Oh, Rebecca, save me, save me
, I scream in my head and suddenly she swings round to face us and sees him with his hand tight on my neck and the other hand ready to swing the heavy hairbrush at my skull. I see my horror reflected in her eyes and want to vomit.
‘My Physics teacher told me I wasn’t working hard enough,’ Rebecca says, clear as a bell. ‘I’ll be in detention if I don’t pull my socks up.’
He drops me and goes for her. The usual words. Failure. Shame. Maggot. Filth. I cover my ears and run from the room, upstairs to hide. I wish I wouldn’t. One day I’m going to hide that hairbrush and the strap. I’m going to stop him in his tracks. But for now I let my sister take my beating.

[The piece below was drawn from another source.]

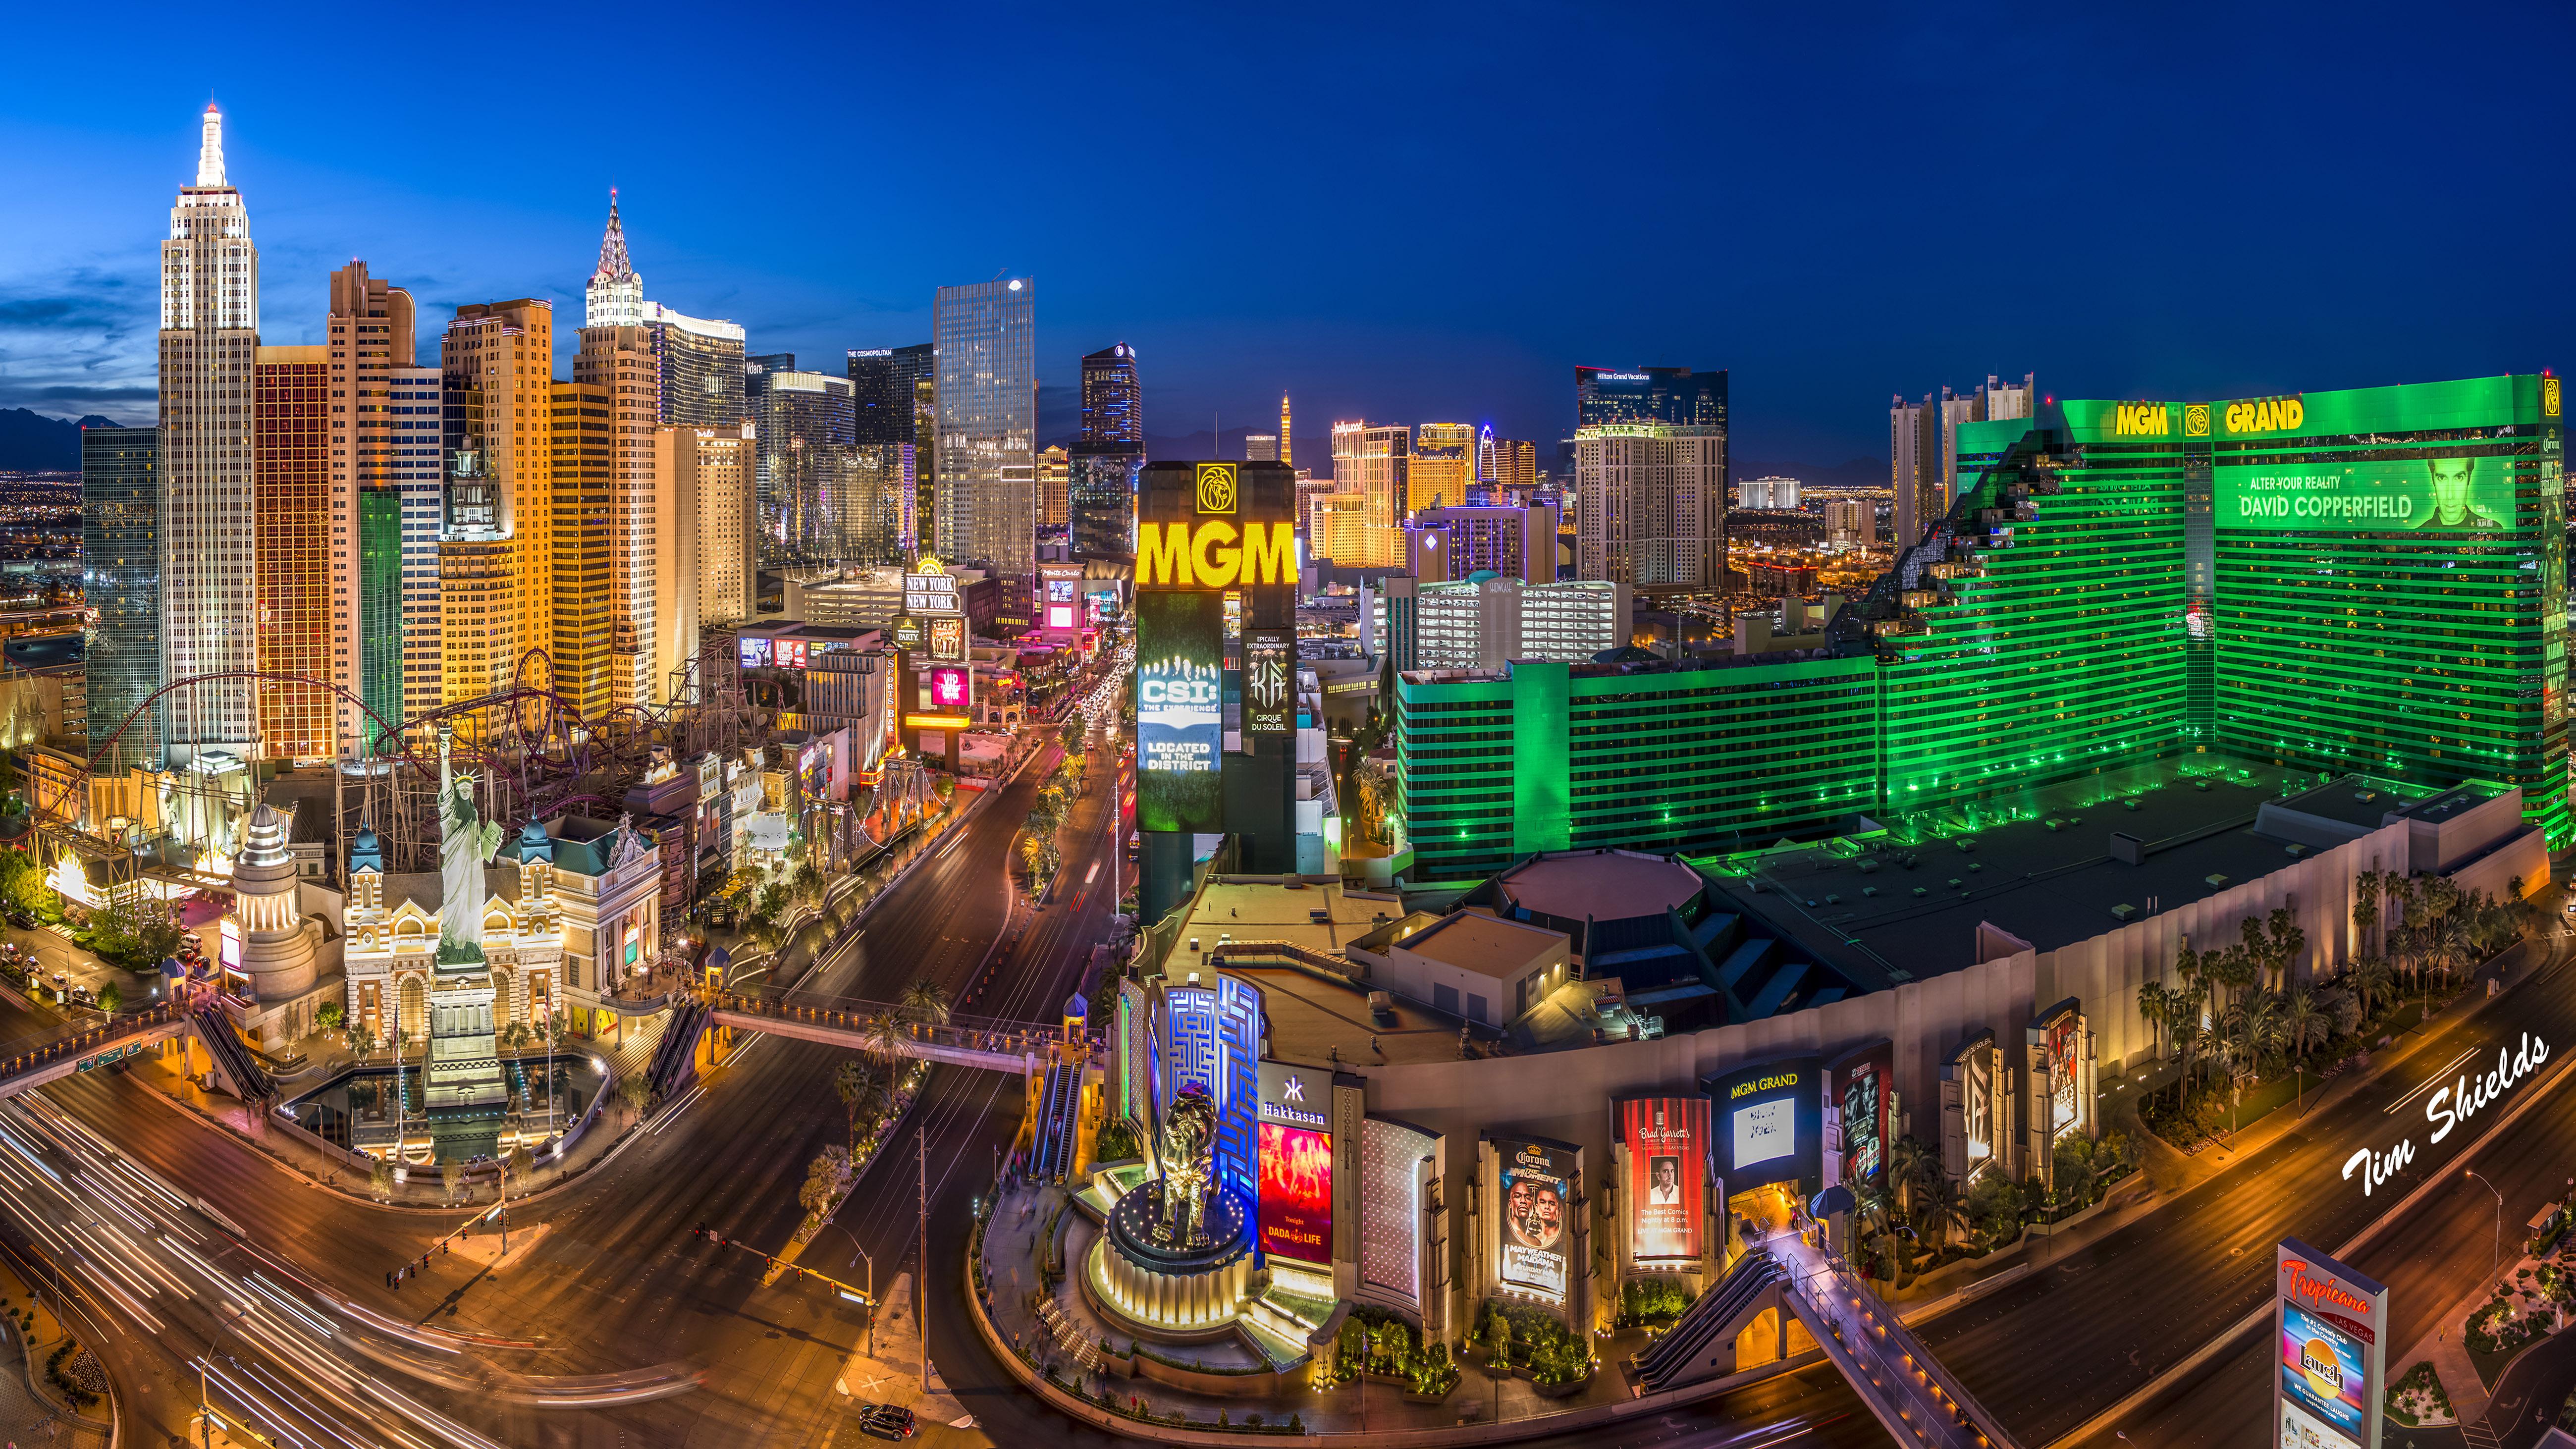 Las vegas nevada usa luxurious hotel casino restaurants place for entertainment and leisure - Nevada wallpaper hd ...

What else has she taken for me over the years? What does he do to her while I run away and hide? Like millstones my parents grind at her, circling, pushing, relentlessly
punishing her for sins we don’t even know exist. When I stop to look I see that each year she is a little smaller, as if a little bit more has crumbled away. One day there may be nothing left, just dust motes dancing on a scrap of light. Who will catch me then? Who will save me when I fall?
Finally it’s over and she inches up the stairs and across the hall carpet on her stomach, a dying moth. I help her up and on to her bed.
‘I’m sorry,’ I whisper. She nods and her eyes close. I can hear her heart pounding, see it fluttering against her ribs, but she gathers her clothes around her and buries herself in the blankets. She hides her body, even from me. I hate to watch her suffering and stare out of the window. He beats her harder than he would me and that’s another reason I should never have asked her for help, but I sit beside her and stroke her hair. Blood has clotted on her scalp and I fetch a cloth and try to wipe it away.
He never says sorry. He just pretends nothing ever happened. We’ve never dared fight back, not yet. I know what would happen if we did.
I remember being twelve and Granny is there. They’re fighting and shouting and he is holding Granny by the neck and screaming into her face, she’s telling him to calm down, pleading with Mother to call the police, and then he shoves her into the wall and pushes her out of the vicarage so hard she falls on the step in a heap, and he slams the door behind her. I don’t want to remember the rest.
Neither of us goes to college on Tuesday. Rebecca feels
too bad and I don’t want to leave her alone. Usually he’s clever with his fists and never leaves a mark where it might be spotted, but this time, well, he didn’t seem to care. I think he was enjoying it too much to mind. He knows he can lie it all away, anyhow. He’s done it before. I ask if I can get her anything but she says not. By lunchtime I’m bored hanging round our room with nothing to do, and with Rebecca who’s lying mute in bed, so I sneak downstairs and poke around the kitchen for something to eat. As I’m rummaging Mrs Sparks bustles in.
‘Oh, hello, dear.’
‘Hi.’ I smile even though I don’t want to. Mrs Sparks is annoying.
‘I’ve just been helping your father with the church arrangements for this month. He’s popped out now. What are you doing at home? It can’t be study leave already, can it? You’ve only just started up there!’